I have no way of knowing if "ad infinitum" is meant in a metaphoric
way. In actual texts, seeing words as nodes in DAGs, "ad infinitum"
would mean what?, six (6) words?
> ... in time as well as in space. The only solution consists in seizing one of these "situations" where the text is stated, precise, clearly circumscribed, dated, controllable in its essential aspects, then to make, about it, the sum of the words to be studied
... and this is what makes corpora research interesting. "These
situations" don't exist ;-). The essentially locked inner- and
outer-intersubjectivity of language makes impossible (and/or
hopelessly senseless) to clearly circumscribe in controllable ways the
essential aspects of what, when, where, how ... a text is stated,
because texts don't have a life of their own, nor do they determine or
are derived from "factual reality" as if they were just an object,
like a piece of stone, in the physically empirical ways we have been
conditioned to "rationally" think since the scientific revolution. In
a Hegelian („im ,Allgemeinen' Sinne"), every one who listened to,
thought about such debates and/or relates to them even in more or less
indirect, marginal ways (as we do right now while we talk about it)

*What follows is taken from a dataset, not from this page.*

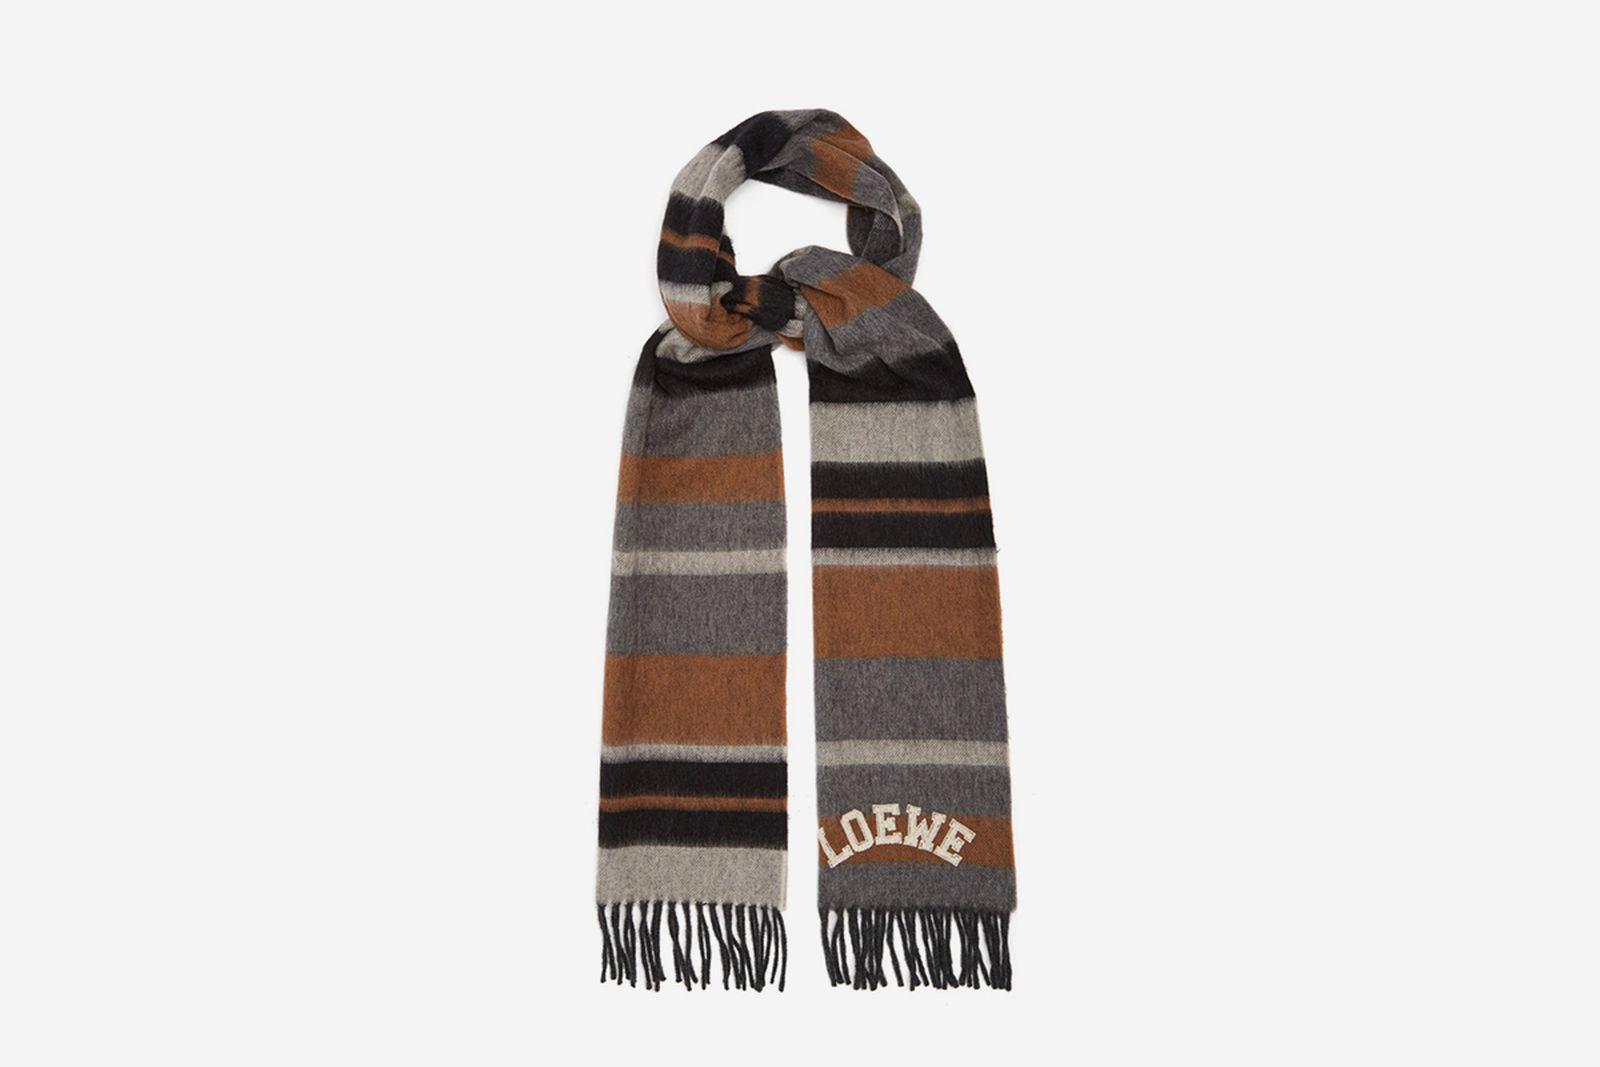 best scarves for men main 1017 ALYX 9SM Acne Studios Loewe
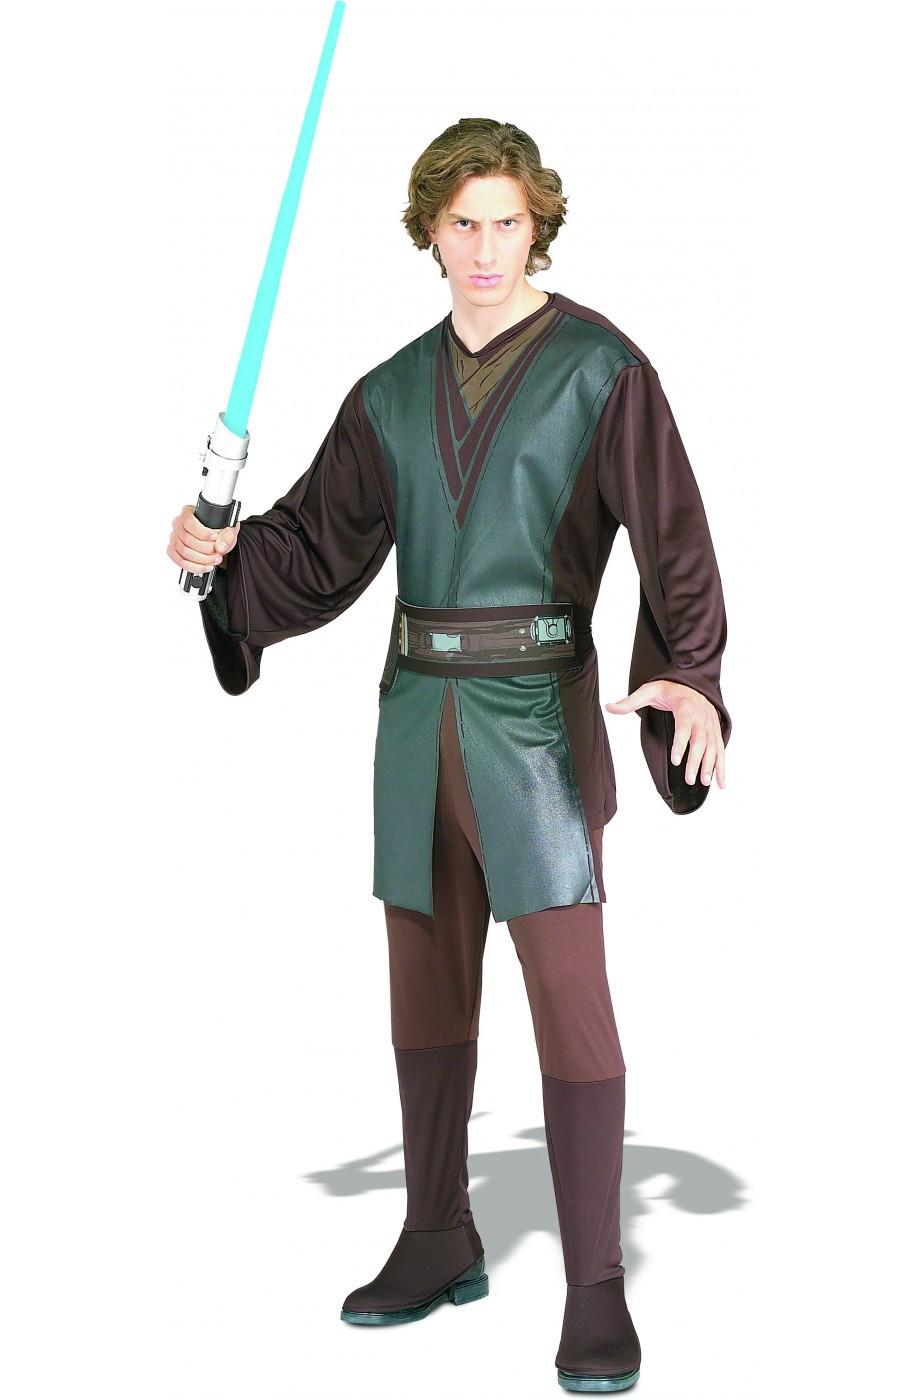 Costume Anakin Skywalker Star Wars

would be part of "those situations". How could you "clearly
circumscribe ..." that?
Niggah isn't really into protagonism, but I could relate a (in an
early sense the most) formative experience I have had with texts (for
whatever reason I have always loved to read alternating more than one
book during the same period of time since I was little). I was born
into and raised in the Cuba of the 60's (during the most determining,
"crazy" periods of "the revolution") as part of a family of high
profile political dissidents (imprisoned before and after for
political reasons), which taxed, busied the hell out of your mind.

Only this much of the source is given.